Chat With Your PDFs Using LangChain and Flask
Build an intelligent document Q&A system with OpenAI, Chroma, and Flask
Have you ever wanted to chat with a PDF? In this post, we’ll show how to build a Flask app using LangChain, ChromaDB, and OpenAI’s GPT to do exactly that.
🧠 Key Components
- LangChain for document loading and QA
- ChromaDB for vector search
- OpenAI for embeddings and LLM
- Flask for the web interface
🖇️ PDF Upload and Processing
Use PyPDFLoader
to read the PDF and split it into chunks:
from langchain_community.document_loaders import PyPDFLoader
loader = PyPDFLoader(temp_pdf_path)
pages = loader.load_and_split()
Generate embeddings and store them in Chroma:
from langchain_community.embeddings import OpenAIEmbeddings
from langchain_community.vectorstores import Chroma
embeddings = OpenAIEmbeddings(model="text-embedding-3-small")
vectordb = Chroma.from_documents(pages, embedding=embeddings)
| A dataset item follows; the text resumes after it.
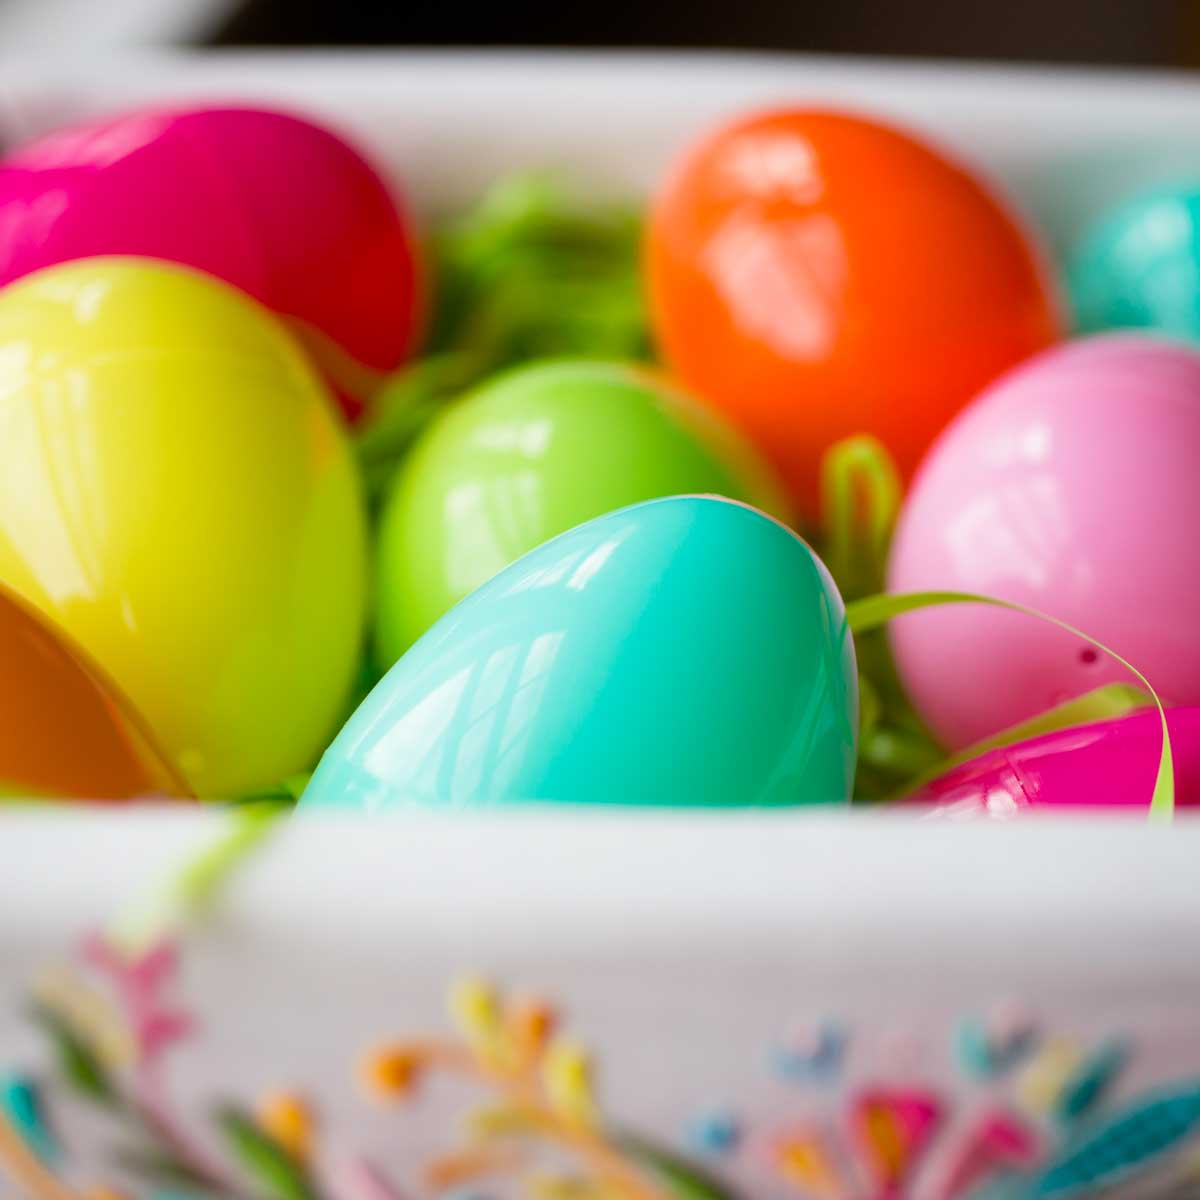 Colorful plastic Easter eggs in a lined basket.

💬 Asking Questions via RetrievalQA
Set up the retrieval-based QA pipeline:
from langchain.chains import RetrievalQA
from langchain_openai import ChatOpenAI
qa_chain = RetrievalQA.from_chain_type(
llm=ChatOpenAI(model="gpt-3.5-turbo"),
retriever=vectordb.as_retriever(),
chain_type="stuff"
)
answer = qa_chain.invoke("What is this PDF about?")
🖥️ Flask Integration
Minimal route setup:
@app.route('/upload', methods=['POST'])
def upload_pdf():
# Save, read, embed PDF
# Store vector DB in memory
@app.route('/ask', methods=['POST'])
def ask_question():
# Get user query, invoke QA chain, return answer
🧪 Example
Input:
What is the main finding of this report?
Output:
The main finding of the report is that user engagement increased by 35% in Q2.
🧰 Requirements
pip install flask langchain langchain-openai langchain-community chromadb python-dotenv
🌐 Run It
export OPENAI_API_KEY=your_key
python app.py
Then go to http://localhost:5500
.
✨ You now have a working “Chat with your PDF” app!